Annie’s memories are filled with the memories of her young days, when there was more regard for the ways of others, a sense of permanence that seems to have disappeared, and a grander way of life. Their space is invaded by two young relatives who have their own difficulties and they challenge accepte norms.

At fifty-nine her hair is grayed and she lives with her cousin, Sarah, two years her elder, not exactly as charity, because she does the bulk of the work around the farm they occupy, but certainly as a person without property or standing. Can Annie manage the children, quell her own fears, doubts, and surfacing anger—and also survive the vile taunts that Billy Kerr throws at her secretly for her privileged family past. She ponders how to even tell Sarah, " That always I have expected to be cast off, discarded, removed…my hurts and thoughts discounted.

When summer arrives, Annie’s widowed nephew brings his two children to stay for the summer so he and his new wife begin to turn their new house into a home. What this fine book lacks in page-turning plot it more than compensates for in wonderful, lyrical prose that’s best savoured slowly, lingeringly rolling each evocative phrase around your brain – no, your soul – like luxuriating in a long warm comforting bath. This passage, written about Annie's brother, Willie, who died in WWI, sums up their dilemma perfectly: "He died in the mud like a beast for us, our Willie, so that everything could continue as before, and despite that he did that, and gave his life, it never did.
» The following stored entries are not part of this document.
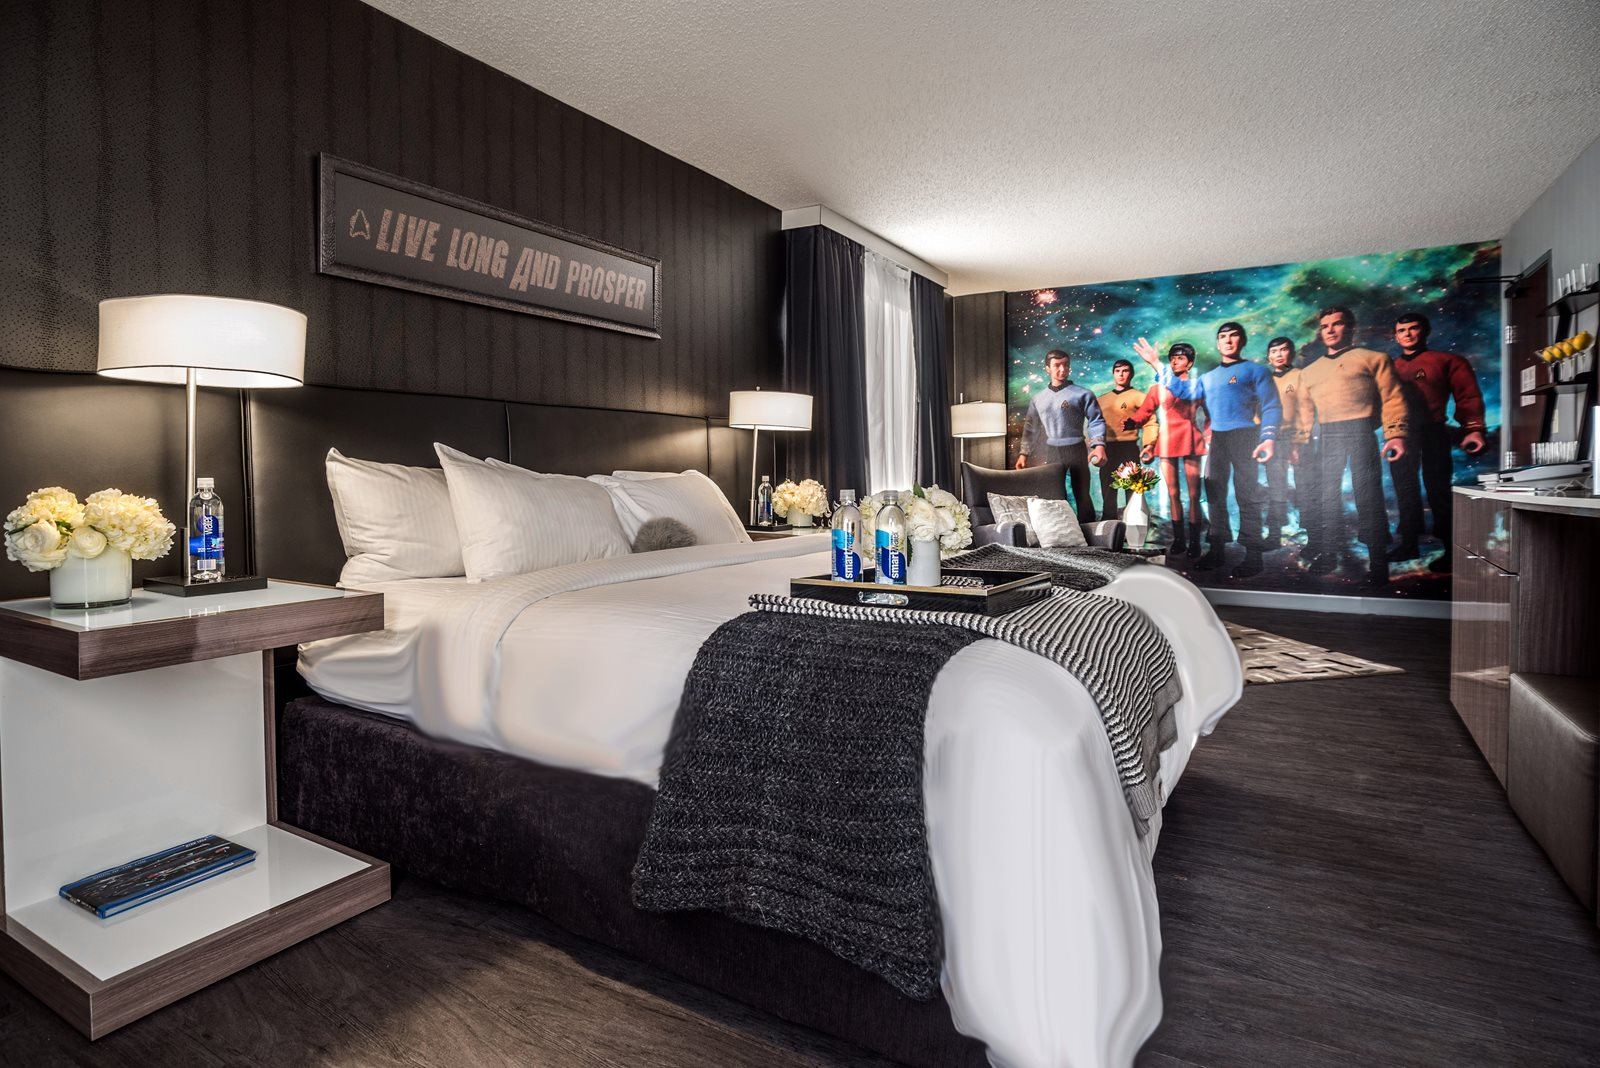 Star Trek room curtis hotel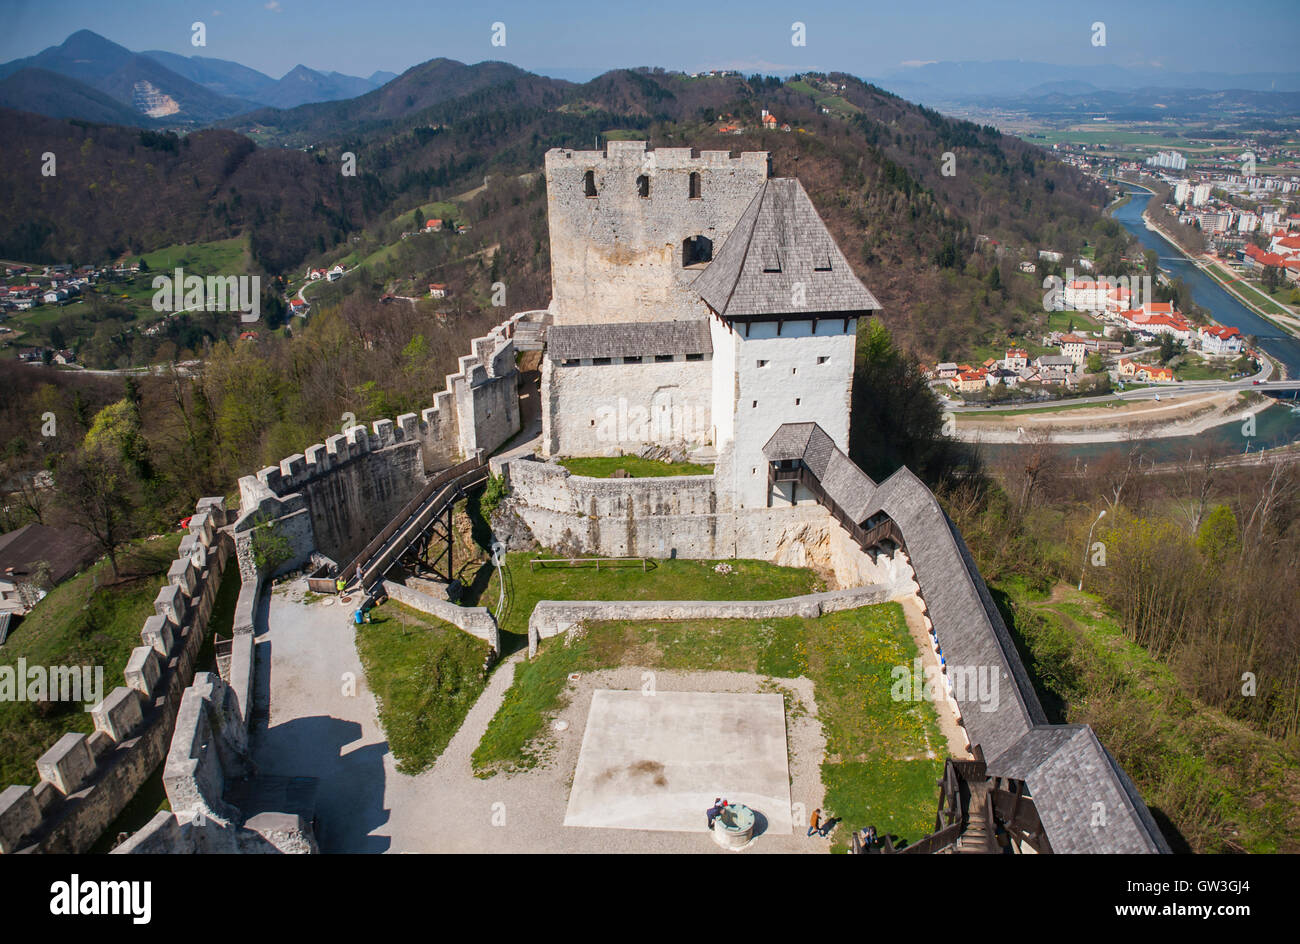 Celje castle, tourist attraction, Slovenia Stock Photo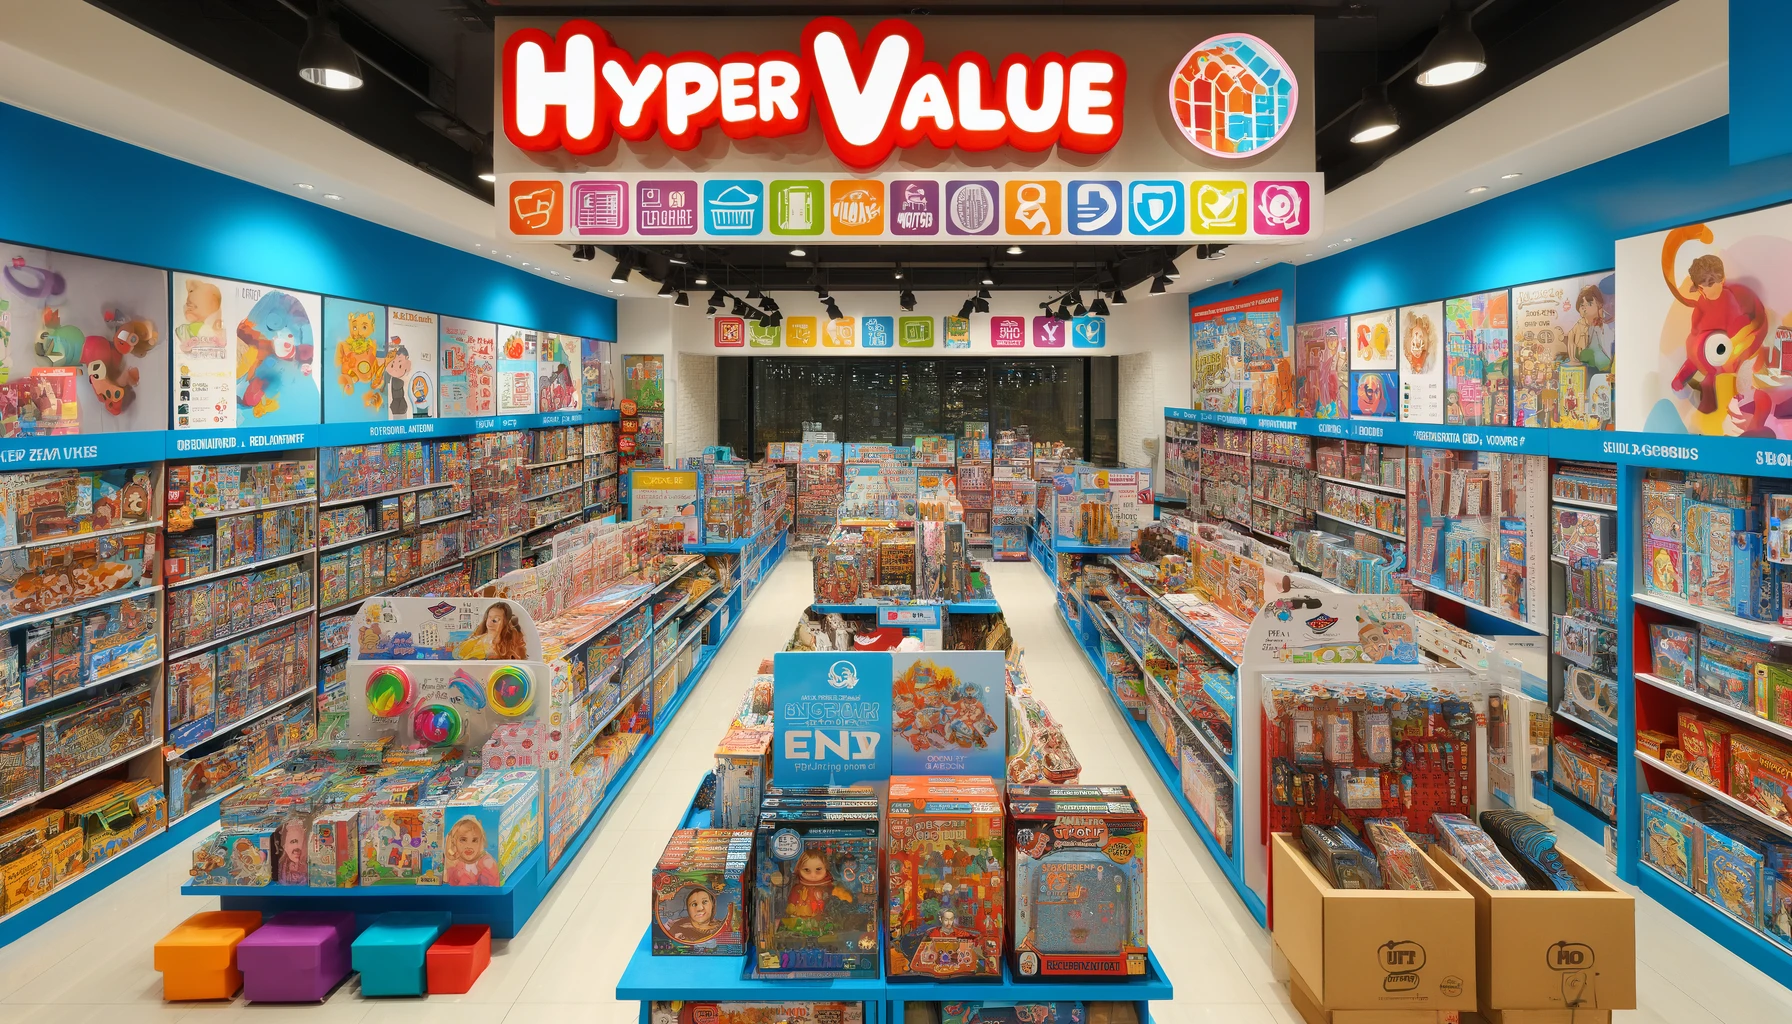 היפר ווליו: היעד המושלם לצעצועים במחירים משתלמים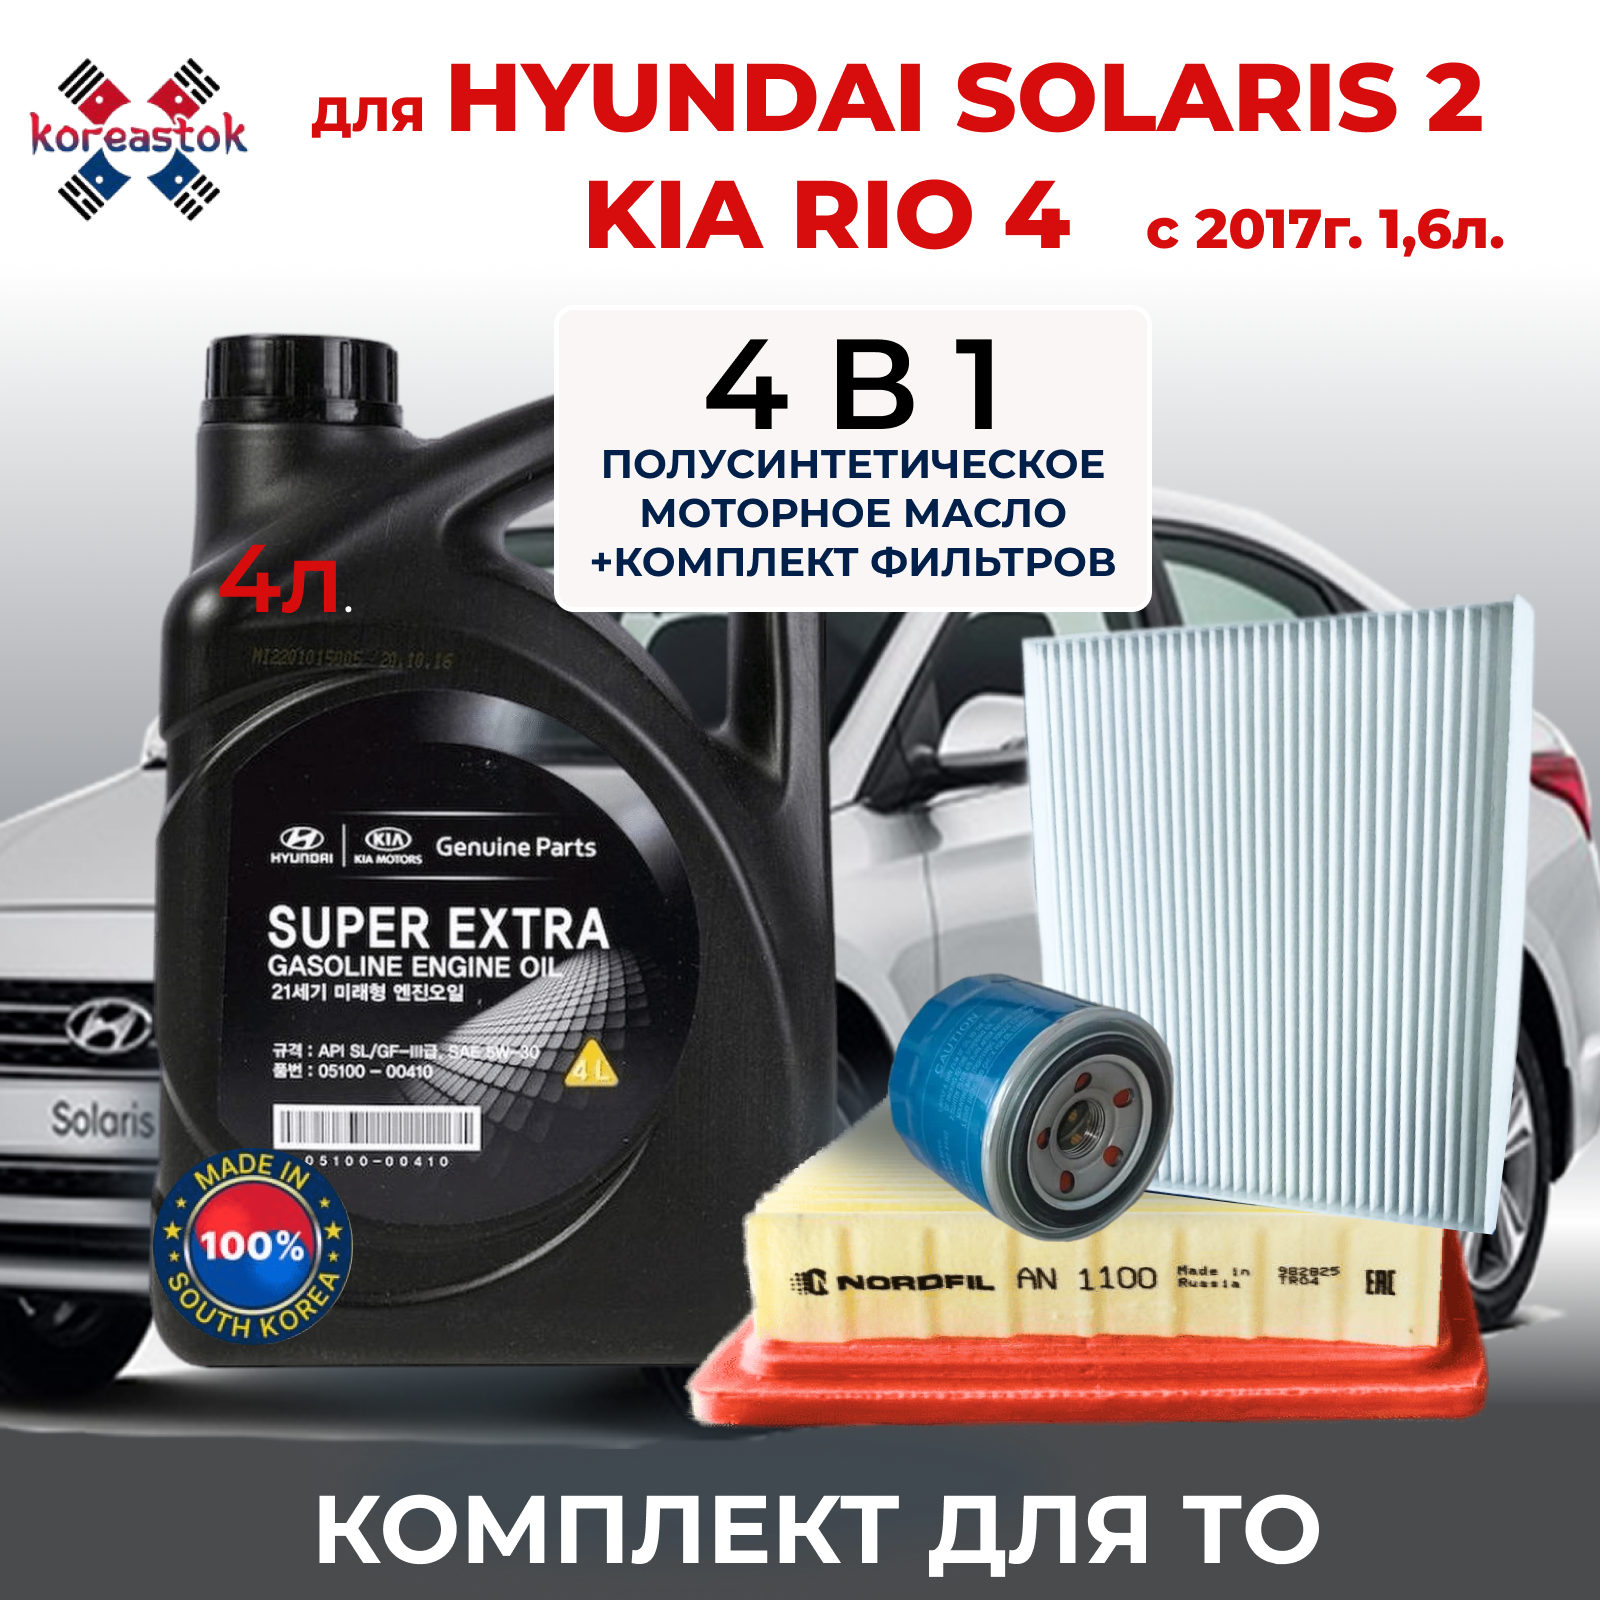 4 в 1. Mасло моторное 5W-30 + набор фильтров (масляный , воздушный, салонный)для KIA RIO, HYUNDAI SOLARIS 1.6 с 2017г.

By using the Web site, you confirm that you have read, understood, and agreed to be bound by the Terms and Conditions.Both become more self-aware as the story progresses, and the reader sees the softer side of these very human women. I normally love books set in this time frame in Ireland but this one just didn't work for me as I didn't get a sense of time and place or the characters just seemed felt and the prose not up to Barry's standard. This compassionate portrait of a distraught woman mourning the years of promise and dreams that were "narrowed by the empty hand of possibility" is a masterful feat of characterization, all the more vivid against the backdrop of rural Ireland in the 1950s, undergoing changes that throw Annie's life into sharper focus.

When Annie's nephew and his wife are set to go to London, their two small children are brought down to spend the summer with them. This daily routine is upended by the arrival of a girl and her brother, the children of Annie's nephew, who will stay with the two older women for the summer while their parents look for work. She ended up living with her cousin Sara near the place where many of her relatives grew up, and when Matt’s young grandchildren came for a visit while their parents set up their new home in London, Annie was overjoyed. Life has become a routine of hard work, on the farm and in the home, but at the end of each day they are satisfied with the life they have, and are glad to have one another.

Fortunately she is taken in by her spinster relative, Sarah Cullen, who is two years older and needs help in running a poor farm in Wicklow, Ireland, in 1959.